Kingdom of Spain

United Nations membership
- Membership: Full member
- Since: 14 December 1955
- UNSC seat: Non-permanent
- Permanent Representative: Héctor Gómez Hernández

= Spain and the United Nations =

Spain–United Nations relations are the international relations between the United Nations (UN) and Spain.

== History ==
=== Precedents ===
The forerunner of the United Nations was the League of Nations, an organization that was established in 1919, after the signing of the Treaty of Versailles, "to promote international cooperation and achieve peace and security", and to which Spain adhered as a founding country included in Annex I of the Treaty of Versailles (1920). The outbreak of World War II revealed the failure of the League of Nations.

== Membership of the organization ==

In the aftermath of the Second World War, the newly formed United Nations was initially reluctant to admit Francoist Spain because:
- Franco's regime was fascist in nature, established with the help of the Nazi regime in Germany and the fascist regime in Italy.
- Despite Allied protests, Franco aided the Axis Powers by sending the Blue Division to the Soviet Union and seizing Tangier in 1940.
- Franco was a guilty party, with Hitler and Mussolini, in the conspiracy to wage war against those countries that later banded together as the United Nations. It was part of the conspiracy that Franco's full belligerency should be postponed until a time to be mutually agreed upon.
Thus, on 12 December 1946, the General Assembly adopted Resolution 39(I), which excluded the Spanish government from international organizations and conferences established by the United Nations. Resolution 39 further recommended that the Security Council take the necessary measures if, within a "reasonable time", no new government was established in Spain whose authority emanated from the consent of the governed and, in addition, recommended the immediate withdrawal of ambassadors accredited to the Government of Spain. The resolution was adopted with 34 votes in favour, 6 votes against, 13 abstentions and one absence.

The outbreak of the Cold War, however, caused the US government to change its attitude towards Francoist Spain since its geographical situation and anticommunist government was seen as a valuable asset to the plans of the "free world". At the same time, Spain was gaining sympathy among several member countries of the UN.
 In January 1950, The New York Times published a letter by the U.S. Secretary of State Dean Acheson that admitted that Resolution 39 had been a failure.

Accordingly, on 4 November 1950, the General Assembly adopted Resolution 386, which revoked the recommendation for the withdrawal of ambassadors accredited to the Spanish government and repealed the recommendation that prevented Spain from being a member of the international agencies established by or linked to the United Nations. The resolution was adopted with 38 votes in favour, 10 against, 12 abstentions and no absences.
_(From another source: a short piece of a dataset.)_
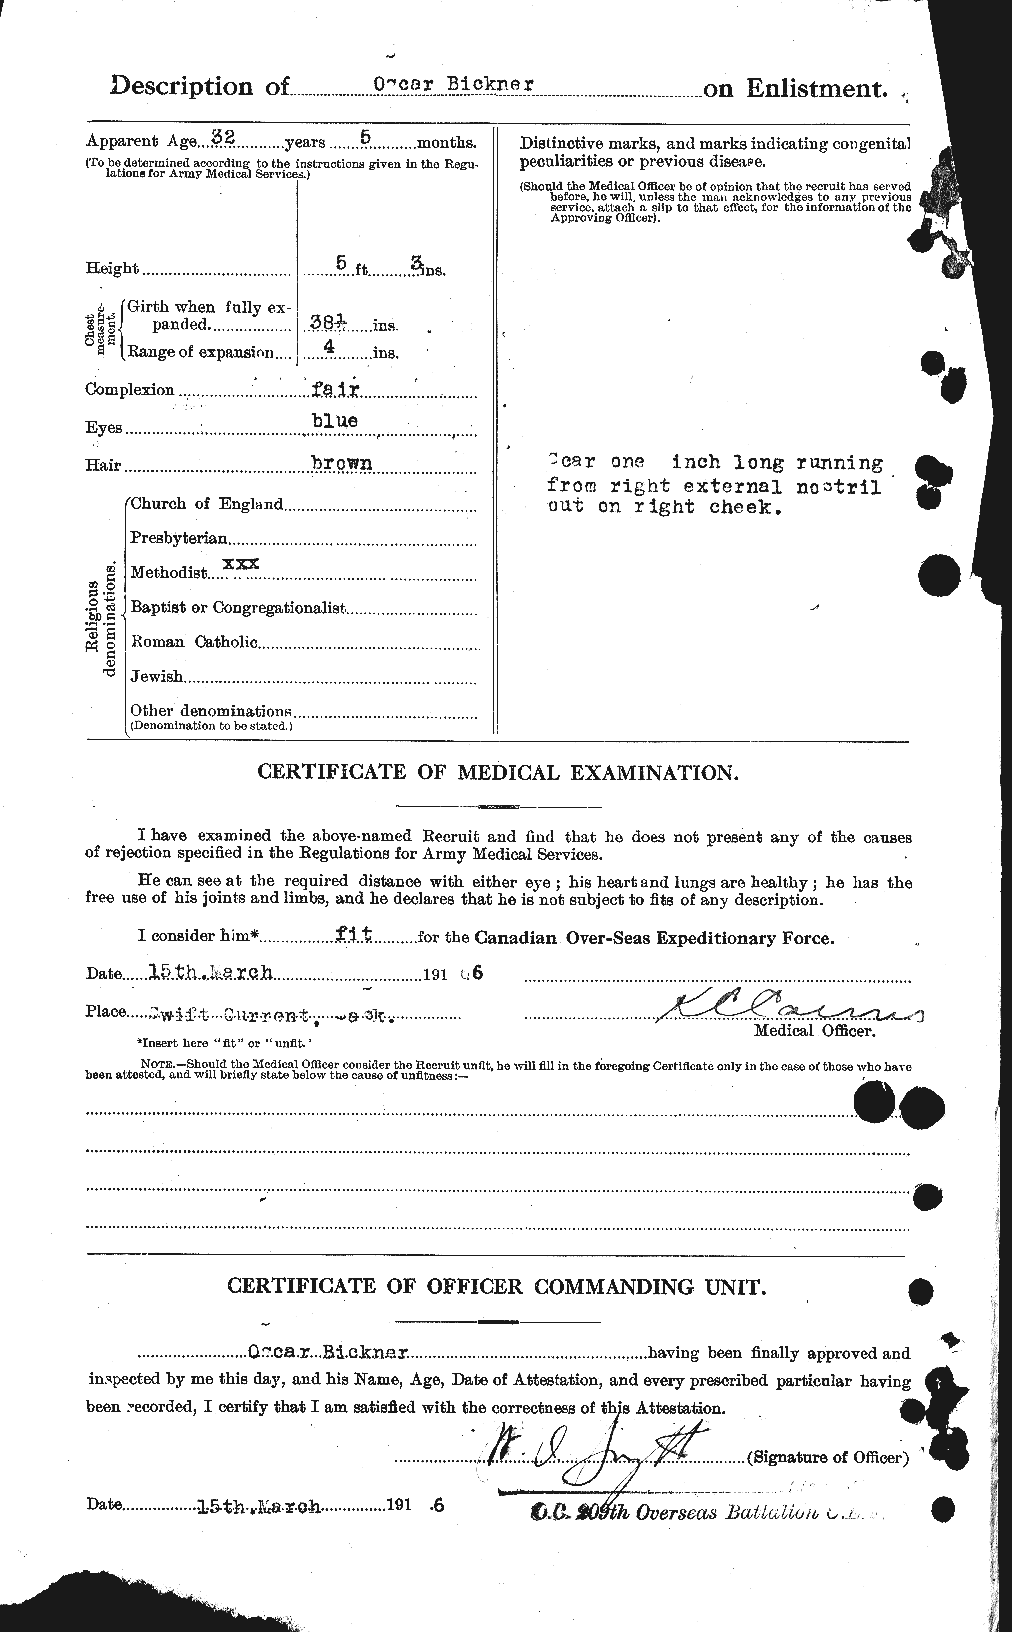 Dossiers du Personnel de la Première Guerre mondiale - CEC 244858b
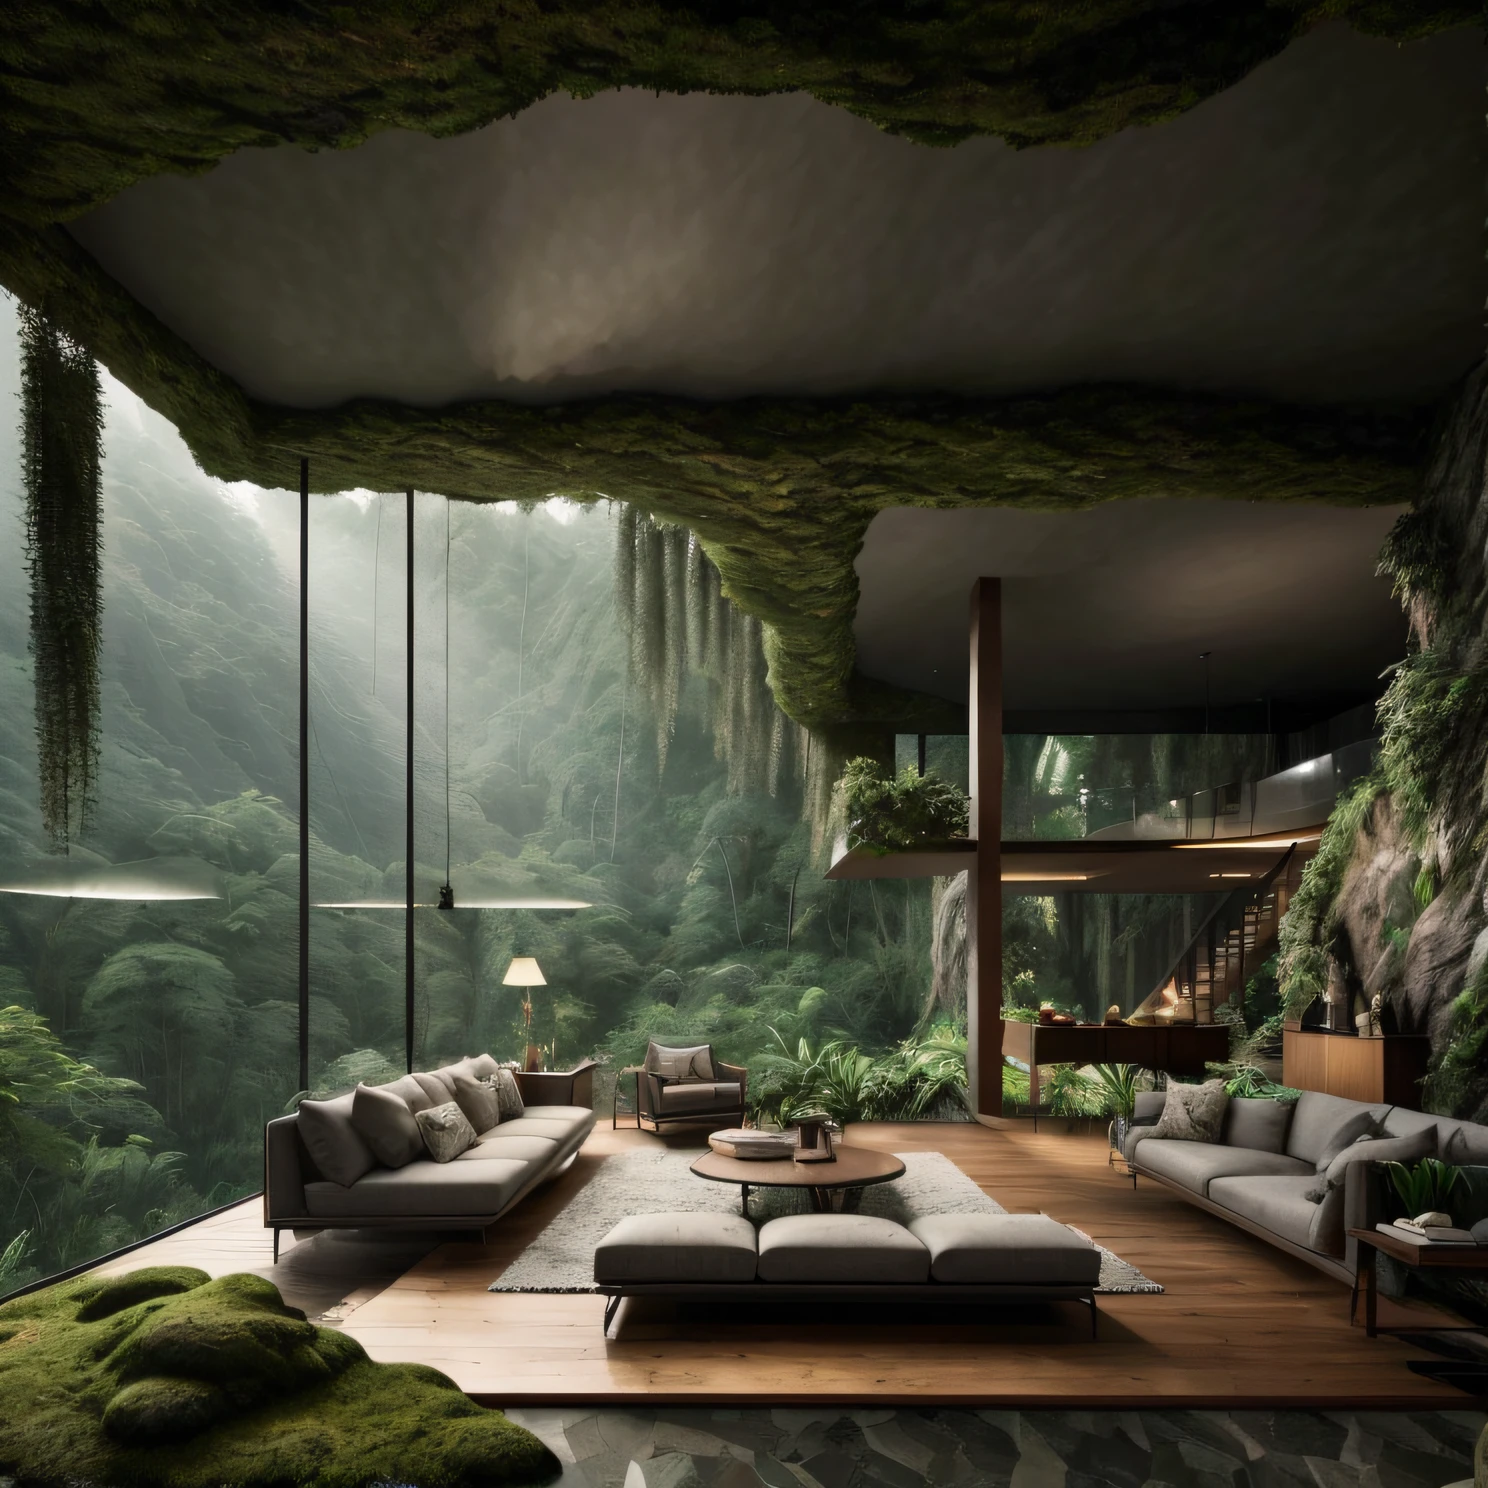 客厅里有一张大沙发和一张带灯的桌子, mountainous 丛林环境, 放松的环境, 美丽的风景渲染, 出色的 3D 渲染, 自然与建筑相遇, 逼真的幻想渲染, 神奇的氛围, 丛林环境, 森林里的房子, 融入山中, 现实建筑, 建在湖边的森林里, 渲染

Spain presented its application for membership on 23 September 1955 and joined the UN the following 14 December. (Note: See also: United Nations Security Council Resolution 109.) It has been an elected member of the Security Council on five occasions: approximately once every ten years, most recently in 2015–2016. Throughout this period, and especially since the return of democracy following Franco's death in November 1975, Spain has been actively involved in the organization, reiterating the need for the international community to be based on the pillars of security, development and respect for human rights.

== Economic contribution ==
Spain ranks eleventh on the scale of financial contributions to the United Nations Regular Budget and is a member of the Geneva Group, made up of the largest contributors, which carries out exhaustive monitoring of administrative and budgetary issues in the United Nations system, including the specialized agencies and international technical organizations.

== Organizations based in Spain ==
UN organizations with their headquarters in Spanish cities include the World Tourism Organization in Madrid, the United Nations Global Service Centre in Valencia and in the past the United Nations University – Institute for Globalization, Culture and Mobility in Barcelona.